Plaque/Tartar Control

Chemicals called “pyrophosphates” (e.g. sodium pyrophosphate) are added to some toothpastes as they have some benefit in preventing plaque build-up on teeth and therefore can play a, limited, part in helping to prevent gum disease and decay. In toothpaste and dental floss, sodium pyrophosphate acts as a tartar control agent, serving to remove calcium and magnesium from saliva and thus preventing them from being deposited on teeth.

The addition of triclosan to toothpaste is designed to inhibit bacterial metabolism within plaque. Its effect has been shown to last for approximately 8 hours after brushing. However, and despite animal studies which have shown it to have a negative effect on muscle strength, American and European agencies declaring triclosan safe at the levels manufacturers place in their products.

Despite these chemicals, the most important factor, by far, in plaque control is proper brushing and cleaning between the teeth.

 

Resurfacing/Re-enameling

In recent years there have been many toothpastes which claim to “resurface” teeth. The science behind this is that the added microscopic particles calcium, phosphate and carbonate in the toothpaste penetrated minor flaws in the tooth surface, where they bond with the natural structure of the tooth enamel. This, it is claimed, makes the tooth surface smoother and less likely to decay or allow plaque to stick. The other benefit is that such “repairing” minerals will bond to the tooth and help to reduce sensitivity. Fluoride helps in this remineralising process.

Again the benefits of such toothpaste are small in comparison to the importance of proper cleaning. These toothpastes include “Pronamel” and “Repair and Protect”.

 

 

Sodium Lauryl Sulphate

This is added to many personal care products, including many toothpastes, as a detergent. There is some controversy over its possible toxic effects, but it is reckoned to be safe at the levels it is found in toothpastes and shampoos, etc. (Otherwise it would not be used.) You can read all the debate about it – as with most things – on the internet.

If you are concerned about sodium lauryl sulphate, there are alternative toothpastes. (E.g. Biotene, sensodyne, and Tom's

 

Natural/Herbal Toothpastes

There are a large number of herbal toothpastes which are becoming increasingly popular for a variety of reasons. For example some people are concerned or even sensitive to some ingredients in regular toothpastes. They also appeal to those who are concerned about the environment. Many of these have flavourings other than the mint some people do not like in most available toothpastes.
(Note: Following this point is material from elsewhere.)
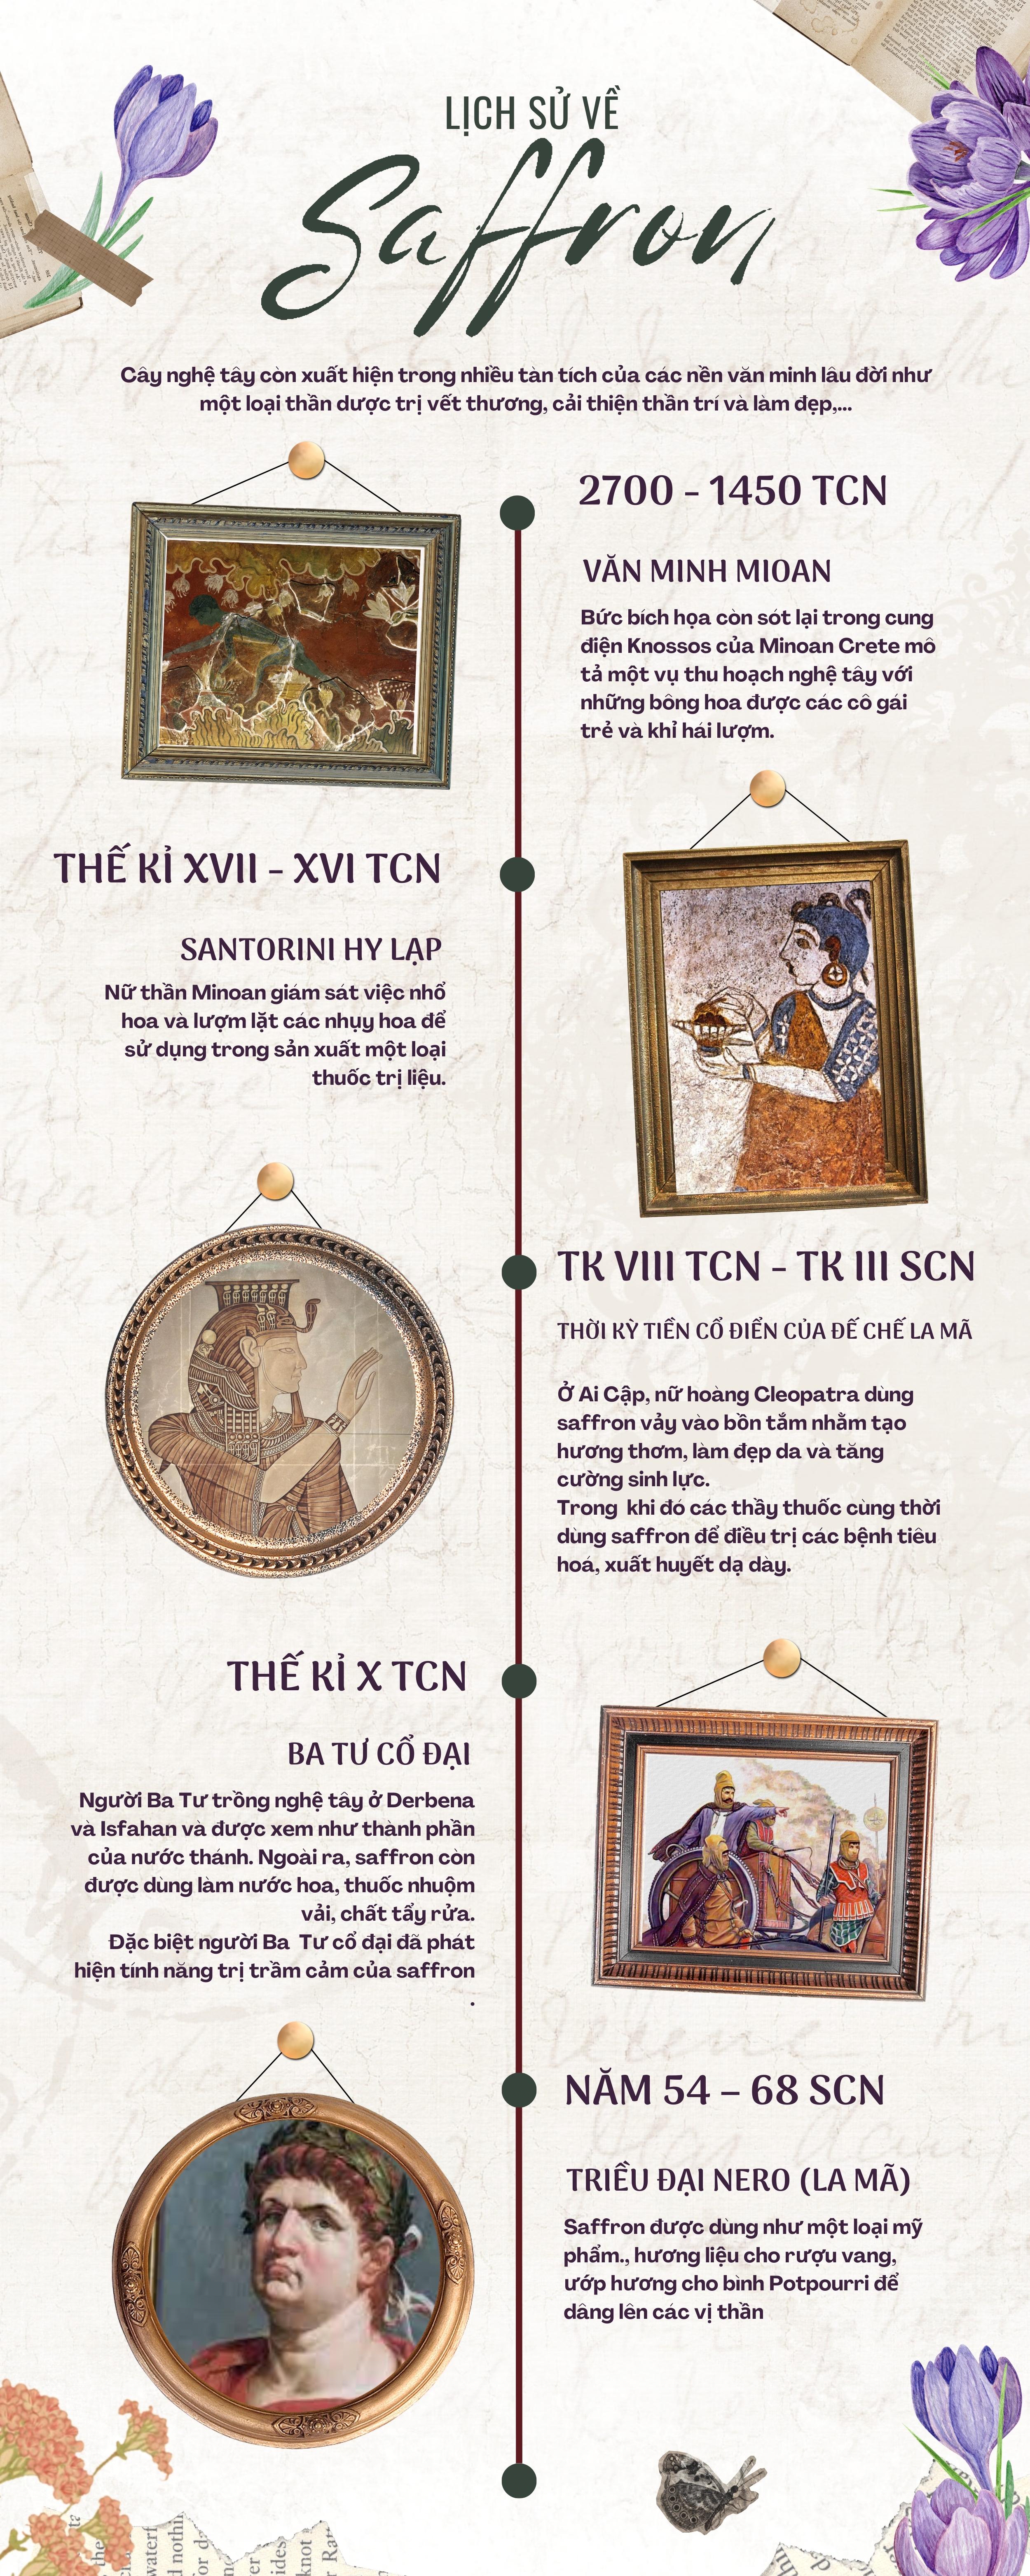 C&ocirc;ng dụng của Saffron qua từng giai đoạn lịch sử

Some of these natural toothpastes are even fluoride-free. However no dentist would recommend using a fluoride-free toothpaste. I shall write a piece on fluoride soon, which will show the 5 beneficial ways in which fluoride helps to prevent dental decay. For example there is a range of toothpastes made by Kingfisher and Tom’s of Maine Anticavity Toothpaste Children Strawberry. 

As I wrote at the top of this article, toothpaste is a medicine. In the last 2 years dentists have been able to prescribe toothpaste with higher concentrations of fluoride, than can be bought over the counter, to their patients whom they assess as having higher than average risk of decay.